With the outbreak of the novel coronavirus (2019-nCoV) that has claimed hundreds of lives in China and infected 14 people in Malaysia (two Malaysians and 12 Chinese nationals), people are wondering if Thaipusam is safe to partake in.
Last year alone, the Sri Subramaniar Swamy Temple in Batu Caves, one of the three main temples in Malaysia where the festival is celebrated in all its glory, saw 1.6 million people in attendance over three days.
Malaysian Health Minister Dr Dzulkefly Ahmad has urged those unwell to refrain from celebrating Thaipusam outdoors. “The Health Ministry advises those who are not healthy not to go, but if they insist on going they need to take precautions like wearing masks,” he said.
He also urged devotees and visitors who plan to head to Batu Caves to take preventive measures by regularly washing their hands with soap and water, or with hand sanitiser.
According to Dr Dzulkefly, the Selayang Hospital has been designated as the virus’ medical operations centre for the Thaipusam in Kuala Lumpur celebrations this weekend. It is the closest public hospital to the temple.
Minister in the Prime Minister’s Department Senator P Waytha Moorthy concurs with the health minister. He advised those attending the festival to take extra precautions such as ensuring personal hygiene and going for checks at medical facilities if necessary. Parents are also advised to think twice before bringing young children to the crowded temple premises.
Should I wear a face mask?
While face mask makers are now going into overdrive thanks to the increasing orders for their products, experts say that regular surgical masks do little to stop the spread of the coronavirus.
According to America’s Centers for Disease Control and Prevention (CDC), the best precautions are the standard, everyday ways to avoid all germs. This includes washing your hands frequently, not to touching your face and avoid close contact with sick people.
The CDC has, however, directed healthcare providers to give surgical masks to any patients that present flu-like symptoms or have recently traveled to Wuhan.

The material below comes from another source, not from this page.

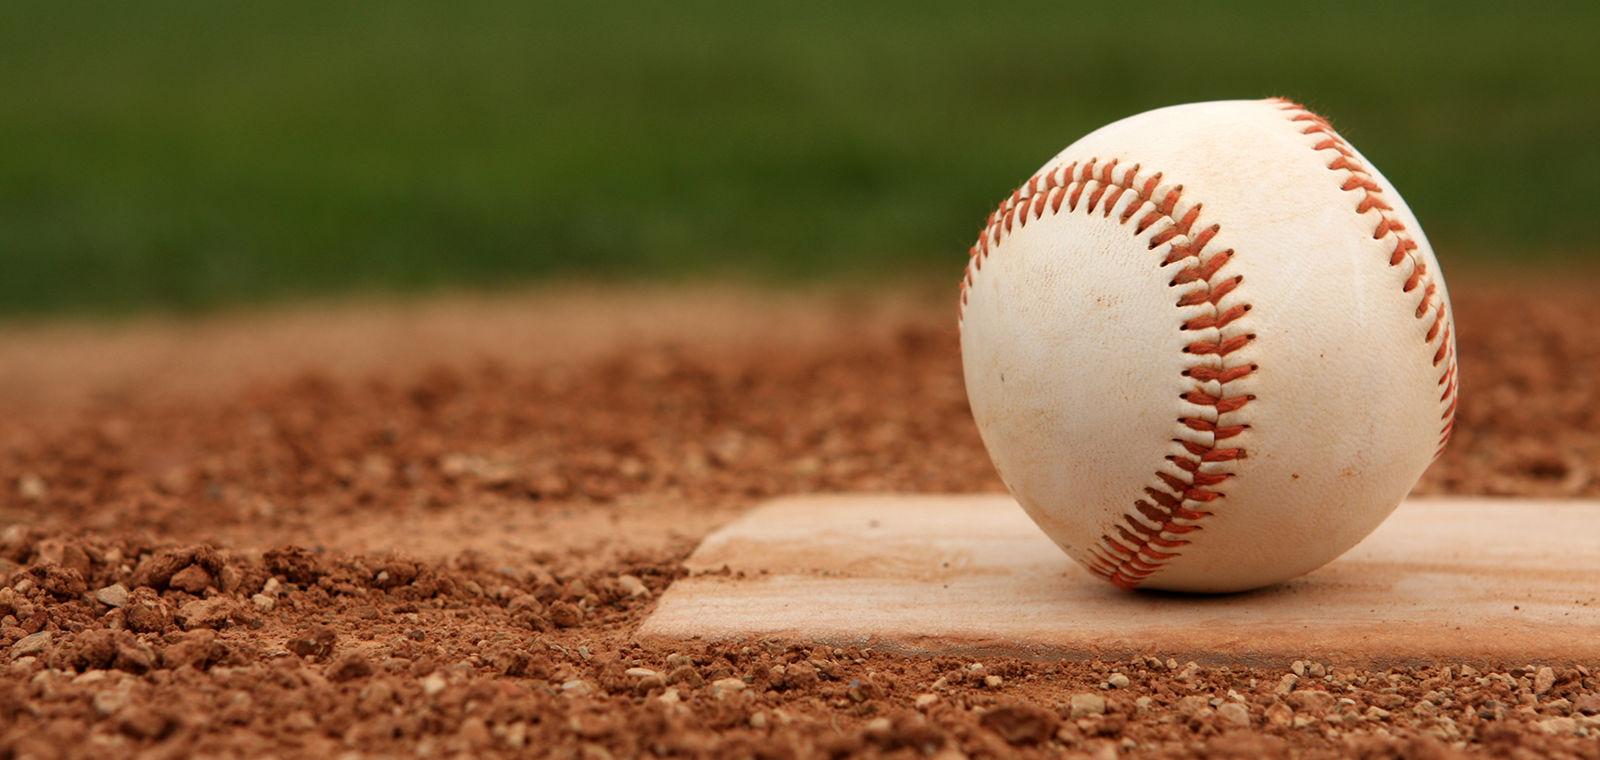 Baseball Sitting On Base

While most people are using (and rushing out to buy) surgical masks, they are not effective in protecting an uninfected person from the virus, according to the CDC. These masks are designed to keep large particle droplets and splatter from passing from a person’s mouth to nearby surfaces or people.

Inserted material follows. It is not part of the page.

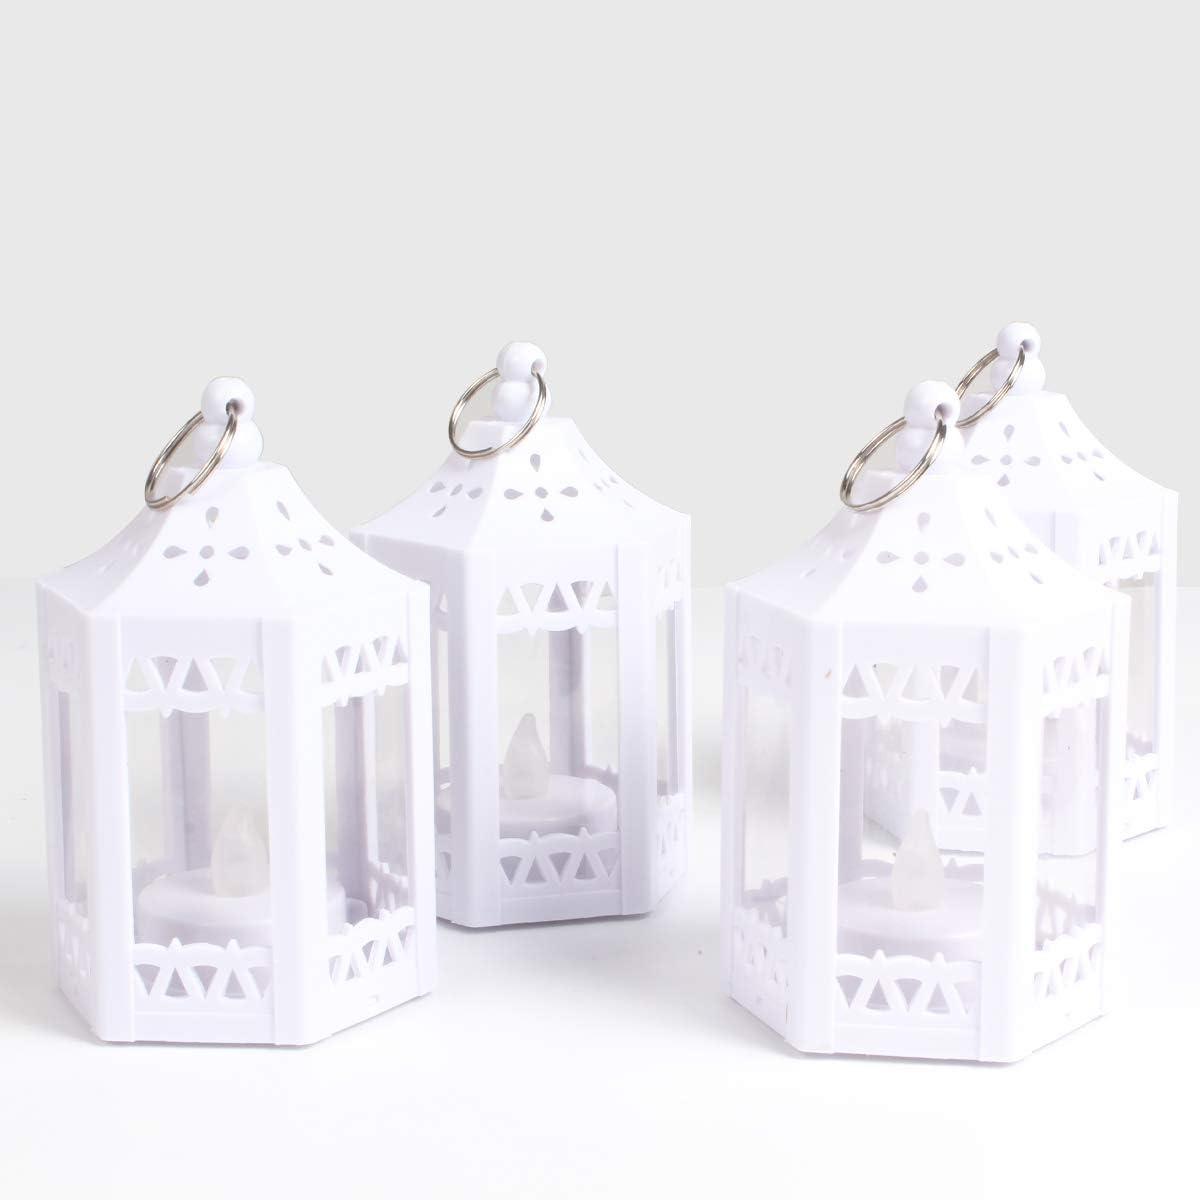 Mini white lantern centerpieces

N95 respirator masks, on the other hand, filter out most airborne particles from the surrounding air, preventing wearers from breathing in particles down to 0.3 microns in diameter. These types of masks are often used when air quality is poor, such as during the haze. However, the coronavirus measures 0.12 microns in diameter.
Those wearing masks also do not do so properly. Wearers often move the masks to the side to touch their faces throughout the day, breaking the barrier that the mask is supposed to create. This renders the protection ineffective.
PSA to those who are unwell
If you are down with a cough, cold and fever, please stay home and watch the Thaipusam festivities live here. If you insist on paying obeisance to Lord Muruga at the crowded temples over the next three days, please wear a surgical mask, avoid touching any surfaces and wash your hands frequently.
The spread of the virus by touch doesn’t seem to be spoken about enough. We touch so many surfaces on a daily basis without us even realising before touching our face. Carry a bottle of hand sanitiser and some soap to ease handwashing, to reduce your risk of contracting the virus.